Daily Observer: No light in its Attic
By Cherno Baba Jallow
In the beginning, we could only wonder with studied skepticism, but now, we know it for a quotidian fact: the Daily Observer is equal parts, a conduit for President Yahya Jammeh’s hooey and an enabler of his government’s unfettered authoritarianism. Bully, bully. That’s what Jammeh keeps doing to the Gambian population. And in the Observer, the president has found a willing, if coerced, accomplice.
By publishing the names and addresses of the Freedom newspaper’s subscribers and now enabling their arrest and even torture, the Observer has chartered a new, dangerous course of media complicity in the on-going disempowerment and dehumanization of the Gambian citizenry. Added to the mix is the Observer’s gross violation (is it news?) of one of journalism’s cardinal rules: never print falsehood knowingly. But it did. Pa Nderry joining the APRC? Working in cahoots with the irremediably disgraced Ebou Jallow? Wittingly outing his “sources”?

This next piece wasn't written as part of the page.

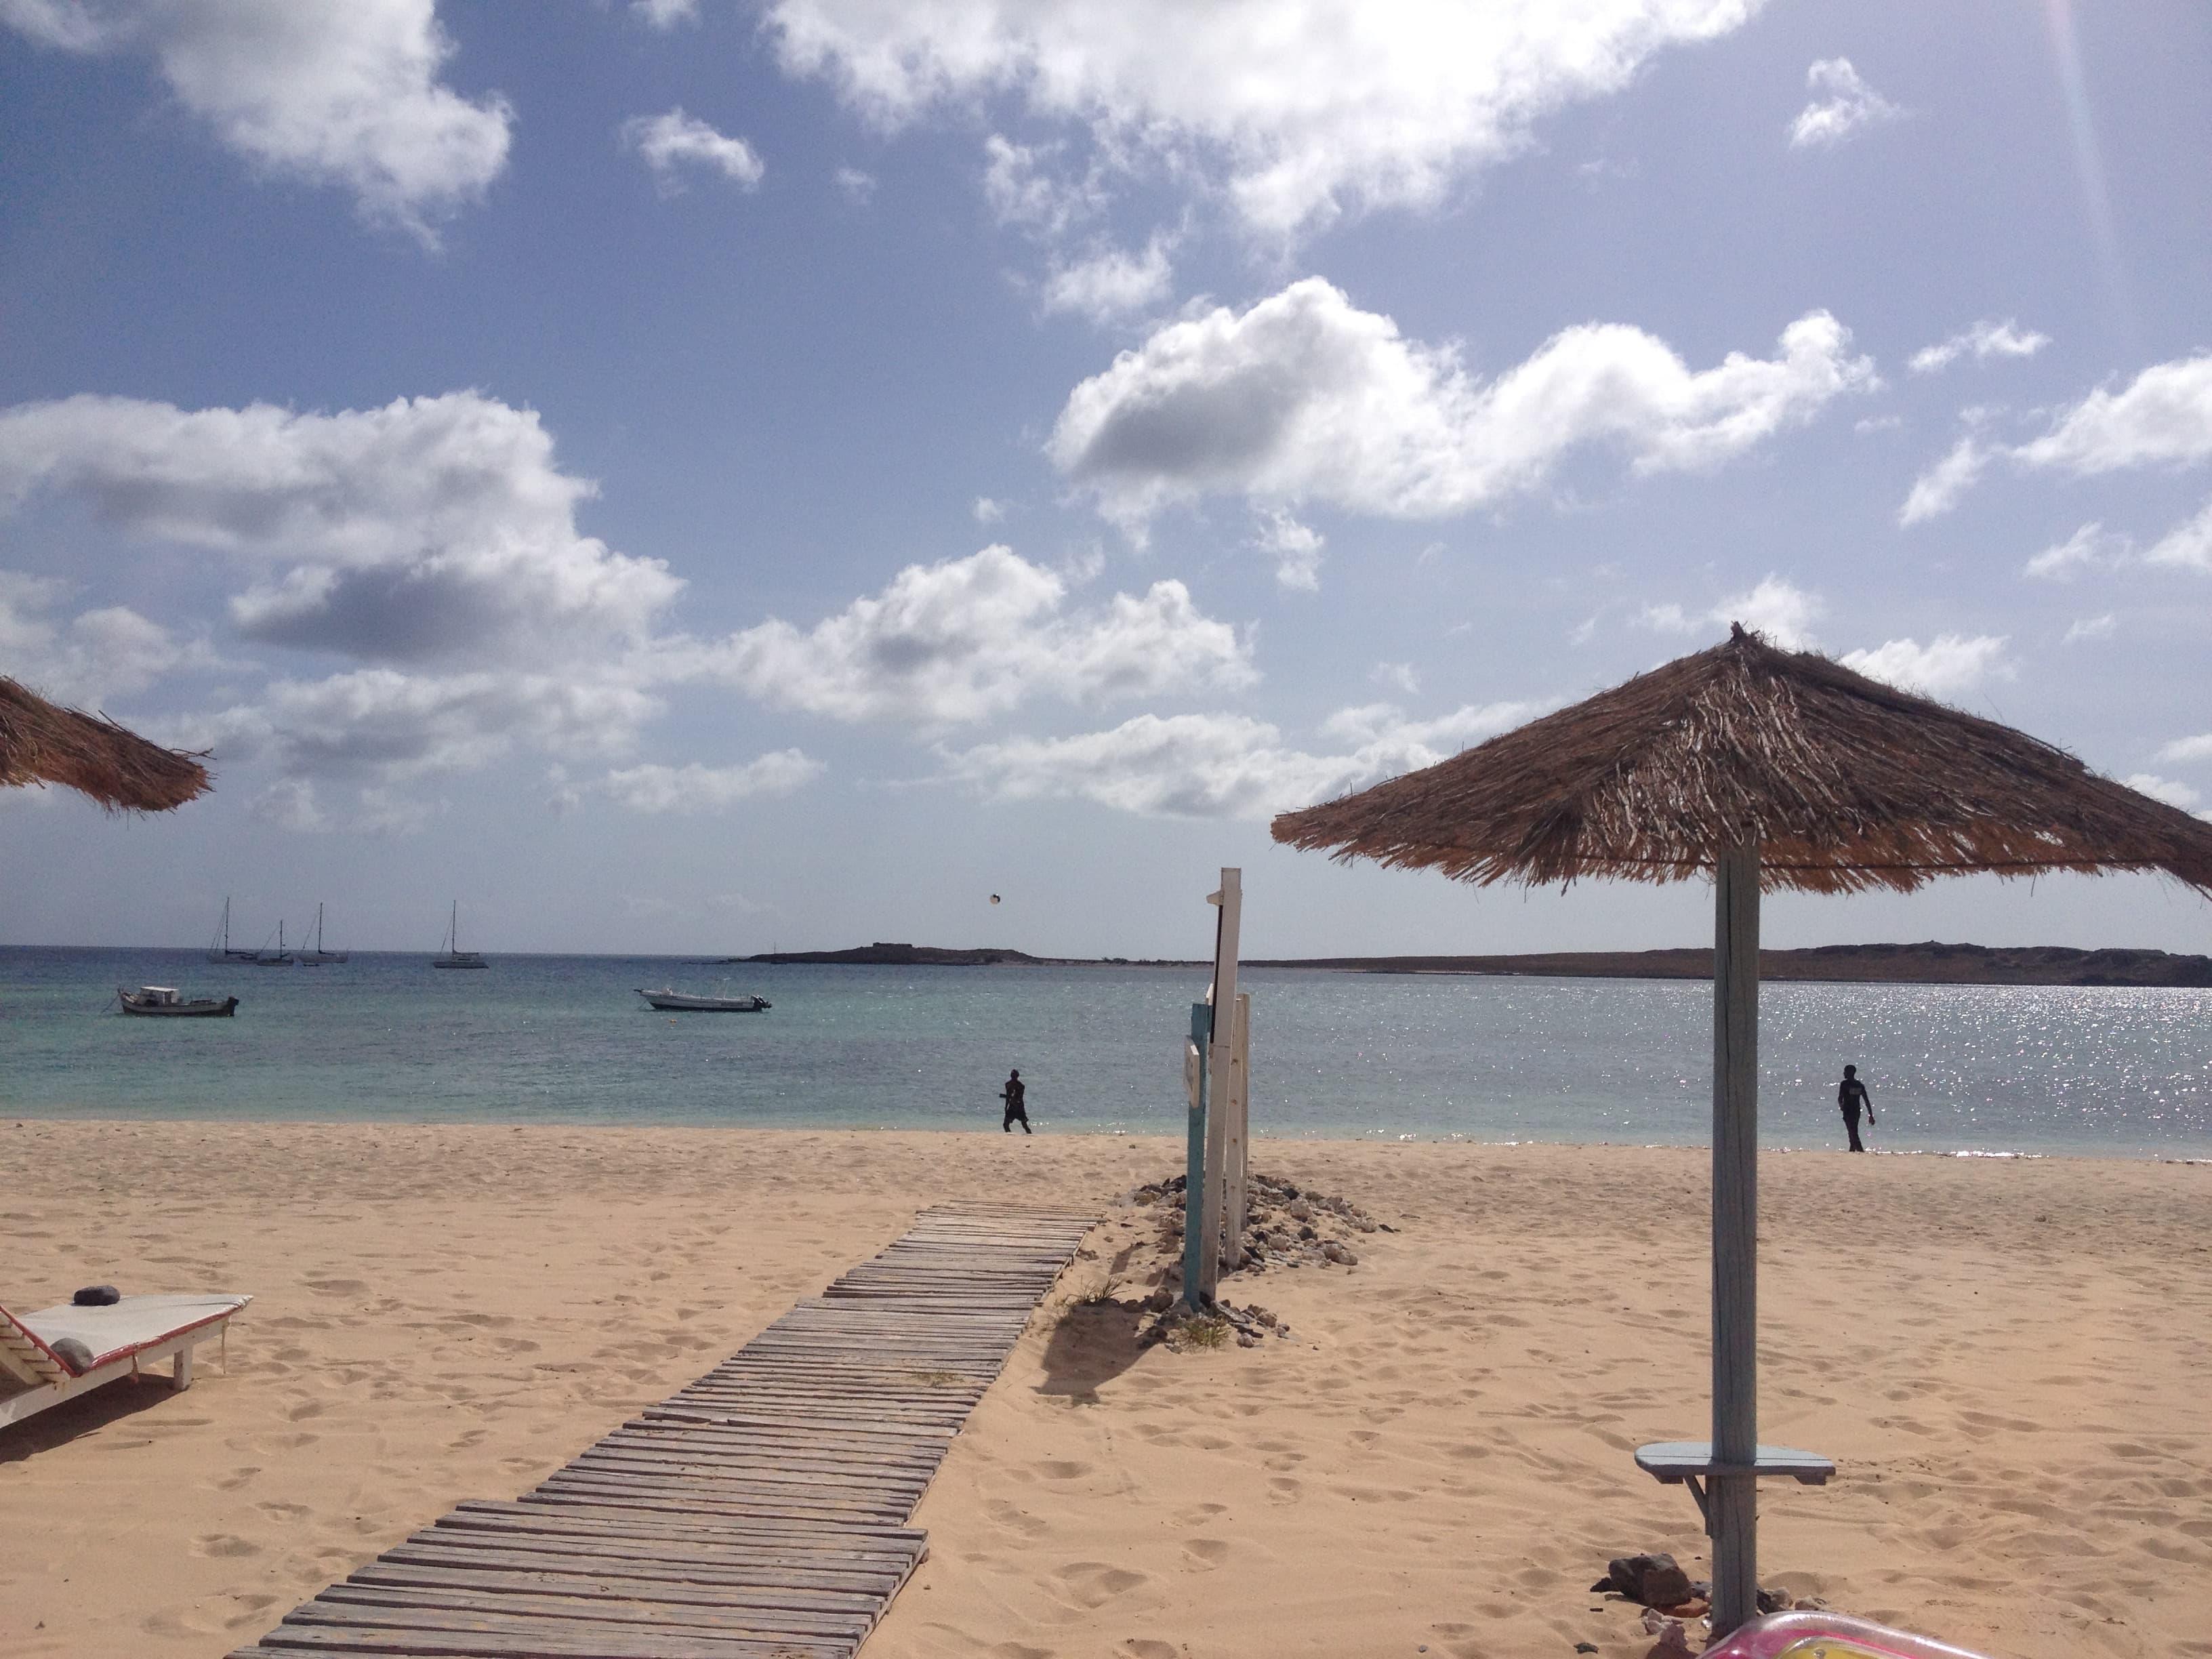 Perfekte Erholung auf Boa Vista Insel

The Observer can’t have missed the ploy behind a hacker’s impersonation. Lies were re-printed pell-mell, an indescribably unethical conduct at best;and a campaign of calumny and disinformation, at worst. The paper just wanted to be obnoxious, lethal in the consequences of its ferreting of falsehood. Now lives and trust are on the line.
There is a bigger picture, though. By this action and others earlier, the Observer is contributing, in no small measure, to the dissonance in today’s Gambian political climate and to our leaders’ hypocrisy and duplicity on matters of governance. The Gambia continues to see an unchecked growth in government might and, hence, a continued erosion of citizens’ rights and liberties.
The Observer under Saja Taal, a PhD wastrel, is an uncommitted partner in national development. In fact, it is dangerous to The Gambia’s political health. Its independence long sent to the ash-can, the Observer is now simply a propaganda machinery of Jammeh and his cronies in their bid to ride roughshod over and dumb down, the Gambian people. What was once a fine institution, a tributary for eddies of ideas and opinion is now on the throes of decadence.
But that’s usually the case when governments, without the intellectual ballast and entrepreneurial acumen, take over enterprising institutions. The end result is mediocrity and a curtailment of innovative thinking. The Observer meltdown is a pointer to the scarcity –no, collapse, of excellence and meritocracy in public service during the 12 years of Jammeh’s presidency.